** Opening STORED DATA block **
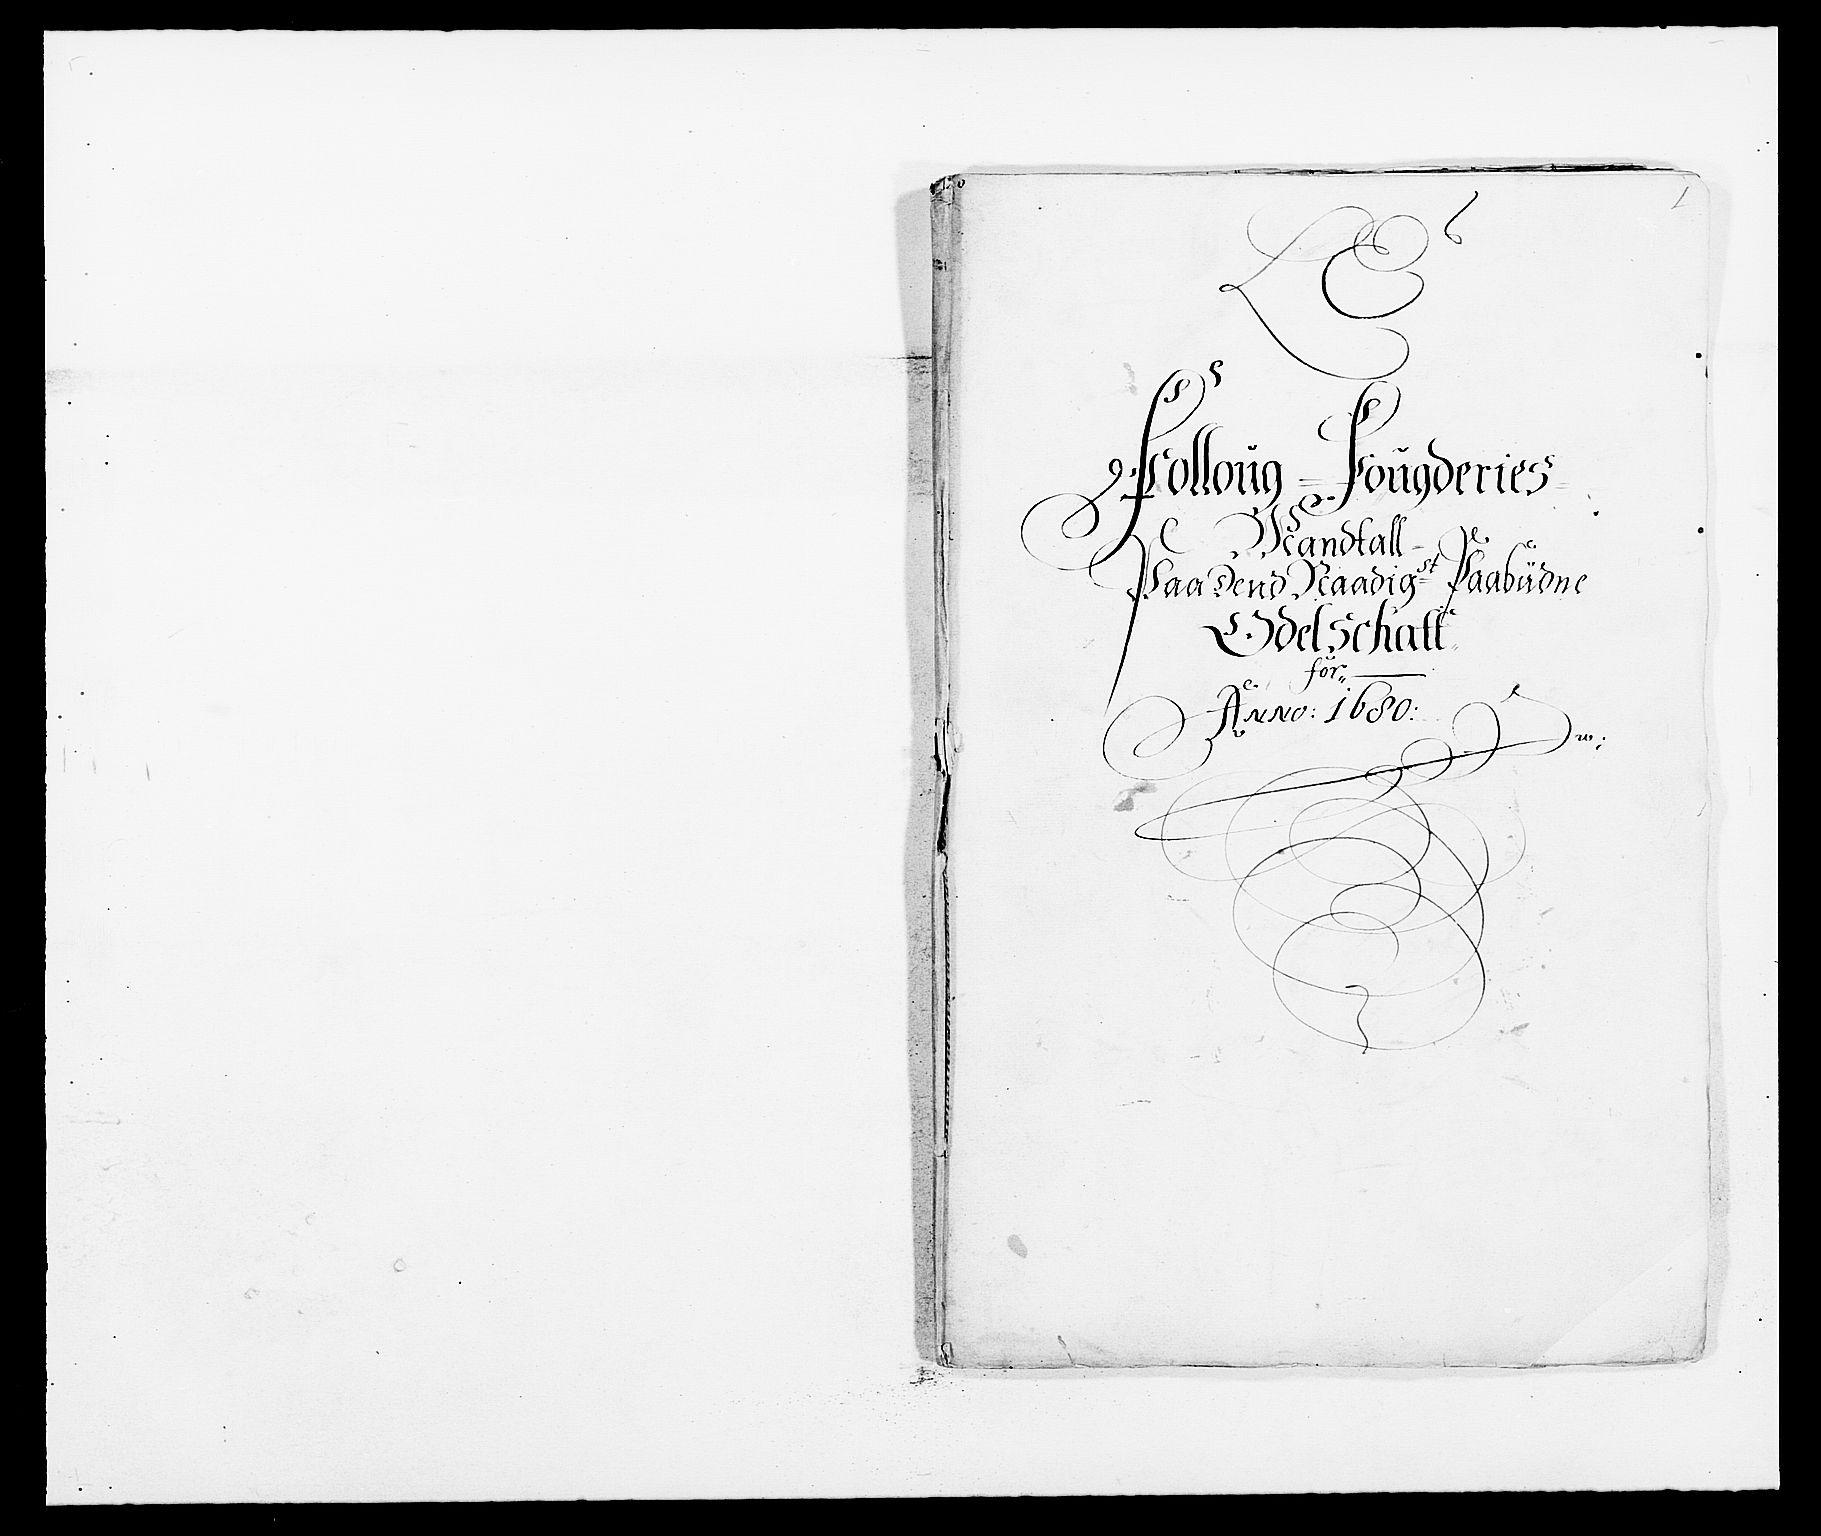 RA, Rentekammeret inntil 1814, Reviderte regnskaper, Fogderegnskap, R09/L0429: Fogderegnskap Follo, 1680-1681, s. 122
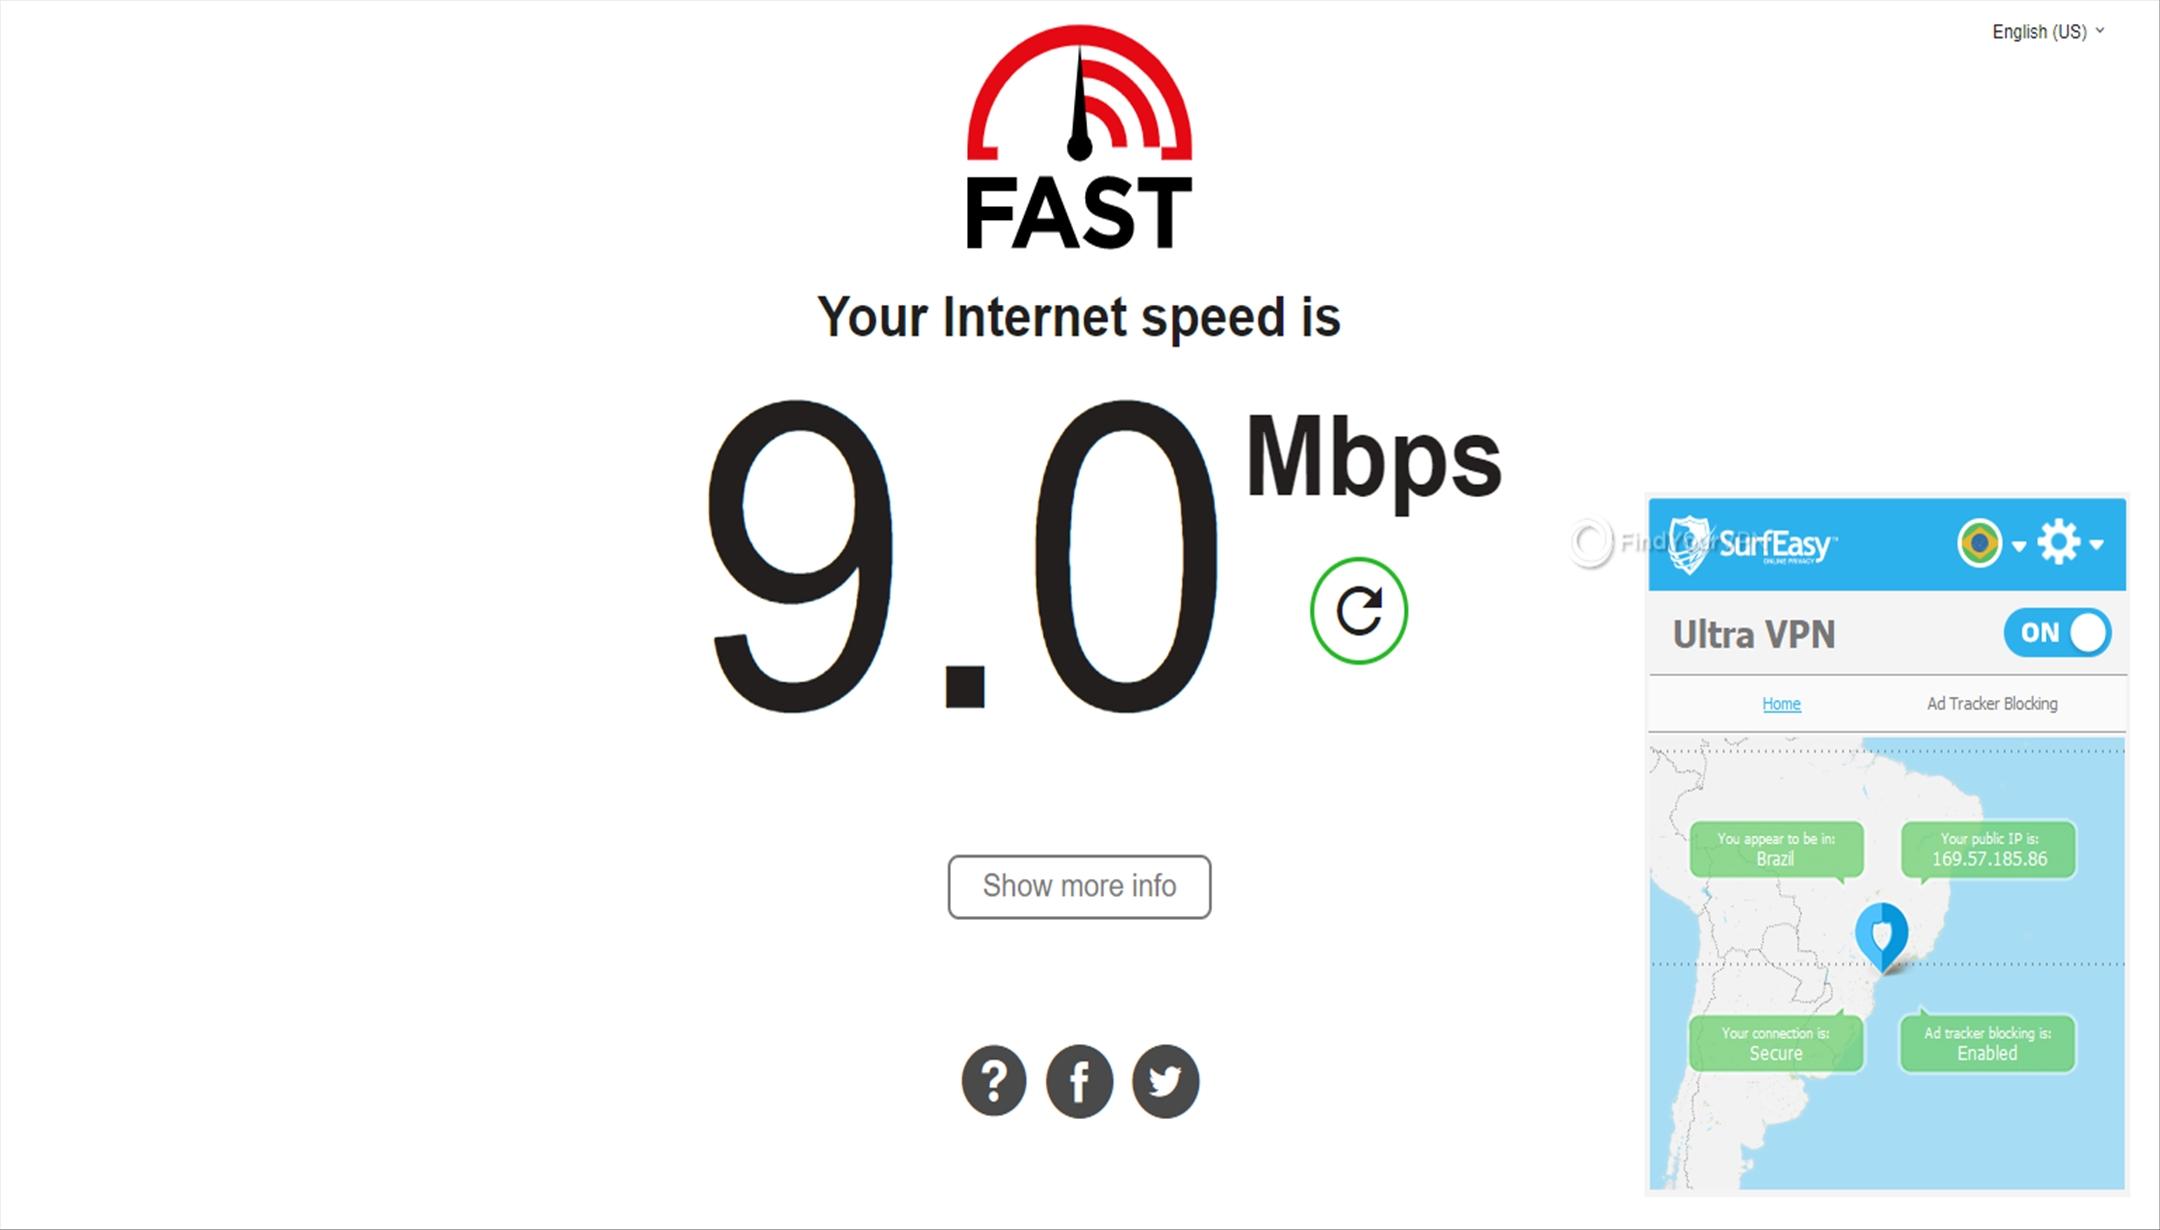 SurfEasy Speed Test Brazil 9 Mbps
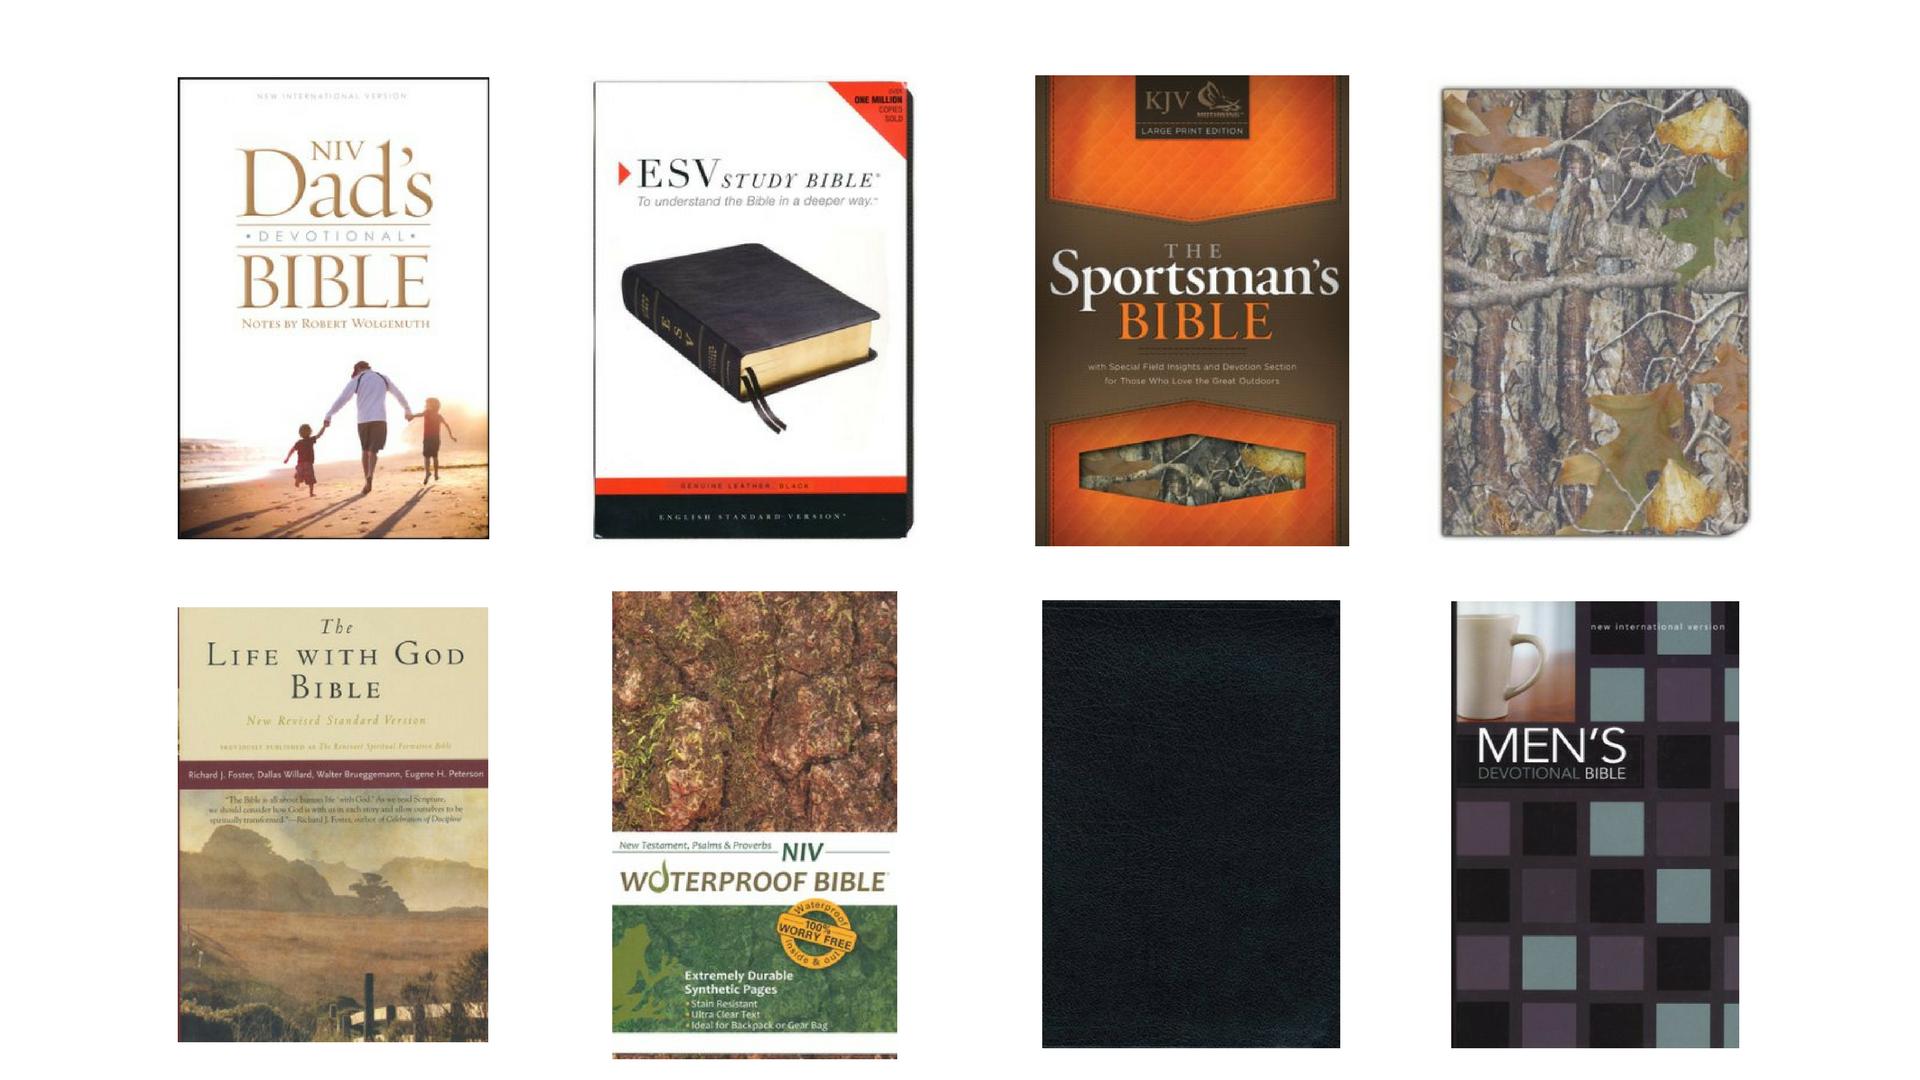 Mens bible gift guide Christmas holiday
** Closing STORED DATA block **
THE PROBLEM:
Everything in the data above should be set down again exactly, except the pictures.

RESULT:
 RA, Rentekammeret inntil 1814, Reviderte regnskaper, Fogderegnskap, R09/L0429: Fogderegnskap Follo, 1680-1681, s. 122
 SurfEasy Speed Test Brazil 9 Mbps
 Mens bible gift guide Christmas holiday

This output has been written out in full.